- Theatrical release poster
- Directed by: P. Neelakantan
- Screenplay by: C. N. Annadurai
- Story by: Na. Pandurangan
- Produced by: P. Neelakantan
- Starring: M. G. Ramachandran Rajasulochana
- Cinematography: G. Durai
- Music by: T. R. Pappa
- Production company: Arasu Pictures
- Release date: 31 August 1961;
- Country: India
- Language: Tamil

= Nallavan Vazhvan =

Nallavan Vazhvan is a 1961 Indian Tamil-language crime thriller film produced and directed by P. Neelakantan. The film stars M. G. Ramachandran and Rajasulochana. It revolves around a man who is sentenced to death on false charges, and escapes from prison to clear his name.

Nallavan Vazhvan is the 50th film for Ramachandran as an actor. The screenplay was written by C. N. Annadurai, from a story by Na. Pandurangan, and cinematography was handled by G. Durai. The film was released on 31 August 1961 and underperformed at the box office, with a theatrical run of 80 days.

== Plot ==

Muthu, a convict sentenced to death on false charges of murder, escapes from prison. He will have to himself confuse the culprit, Nallasivam, the local personality, of the most well-to-do, above suspicion, a priori. During his escape, disguised as a shaman, Muthu leads an investigation, and finds that the matter rests on the indestructible support of some women. First of all, his young and beautiful Chandra (that he saved formerly, captivated in the hands of Nallasivam), of its mother and the one that he considers as his young sister Chenbagame. But the husband of the latter, the inspector of police, in charge of this case, Madhavan, friend, nevertheless, Muthu, convinced of his guilt, does not stop pursuing him. However, the hired men thrown by Nallasivam cross the region in search of the fugitive to kill him. In front of such threats, will Muthu manage to put, in time, the hand on the unique witness which could exonerate him?

== Cast ==
- Male cast
- M. G. Ramachandran as Muthu
- M. R. Radha as Nallasivam
- M. N. Nambiar as Inspector Madhavan
- D. Balasubramaniam as Nallasivam's clerk
- S. Rama Rao as Makeup Meganathan

- Female cast
- Rajasulochana as Chandra
- E. V. Saroja as Chenbagame
- Lakshmi Prabha as Muthu's mother
- P. S. Seethalaksmi as the witness

== Production ==
Nallavan Vazhvan was produced and directed by P. Neelakantan under Arasu Pictures. The screenplay was written by C. N. Annadurai, from a story by Na. Pandurangan. It was the 50th film for M. G. Ramachandran as an actor. Cinematography was handled by G. Durai.

== Soundtrack ==
The soundtrack was composed by T. R. Pappa. This was the first Ramachandran film for which Vaali wrote lyrics. The team initially rejected the lyrics Vaali wrote for the song "Sirikindraal Indru Sirikindraal" and wanted A. Maruthakasi to write new lyrics, but Maruthakasi convinced the team to retain Vaali's lyrics. The song contains the lyrics "Udayasooriyan ethiril irundhal, ullai thamarai malaratho" (in front of the rising sun, the lotus of one's heart blooms), where the "rising sun" is a reference to the Dravida Munnetra Kazhagam's election symbol.

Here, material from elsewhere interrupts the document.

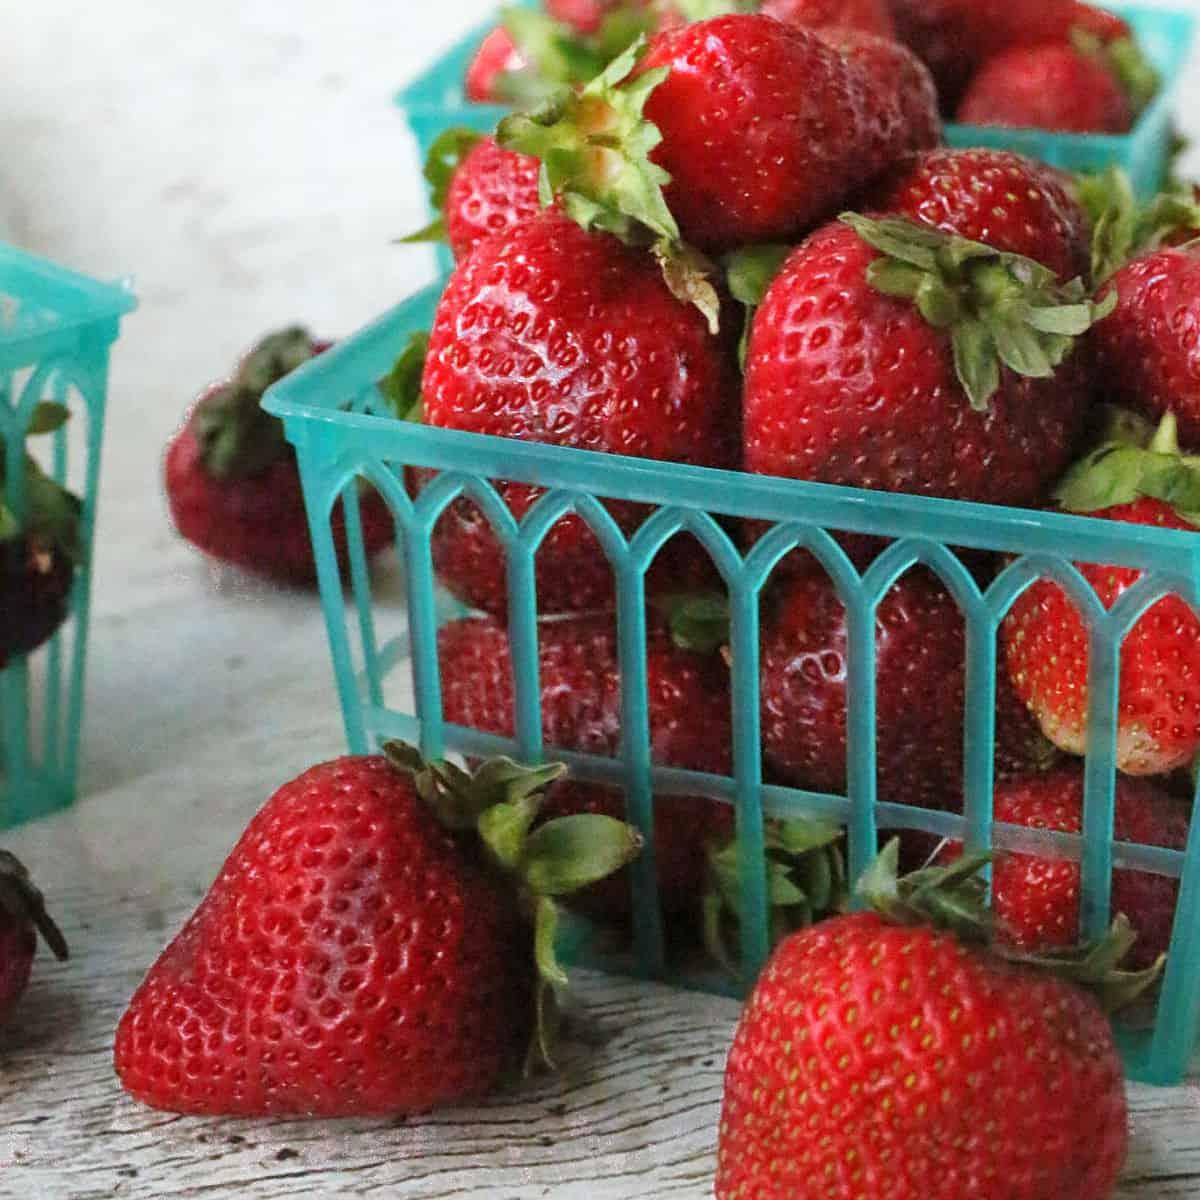 Basket of strawberries.

| Song | Singers | Lyrics | Length |
| "Aandavan Oruvan Irukkindraan" | Seerkazhi Govindarajan | M. K. Athmanathan | 03:22 |
| "Adichirukku Nallathoru Chansu" | A. L. Raghavan & S. Janaki | 02:59 |
| "Kooduvittu Paranthakili" | P. Susheela | 02:51 |
| "Anbukkaratthale....Kuthala Aruviyile" | Seerkazhi Govindarajan & P. Leela | Vaali | 03:27 |
| "Manniley Pon Kidaikkum" | P. Susheela | A. Maruthakasi | 02:57 |
| "Nallavarukke Kaalamillaiya" | P. Leela | K. D. Santhanam | 03:39 |
| "Niththam Niththam Manadhu" | P. Susheela | Kavi Rajagopal | 01:35 |
| "Sirikindraal Indru Sirikindraal" | Seerkazhi Govindarajan & P. Susheela | Vaali | 03:26 |

== Release and reception ==
Nallavan Vazhvan was released on 31 August 1961. Kanthan of Kalki negatively reviewed the film, saying one redeeming feature was its short runtime of 15133 feet. The film underperformed at the box office and ran for 80 days in theatres.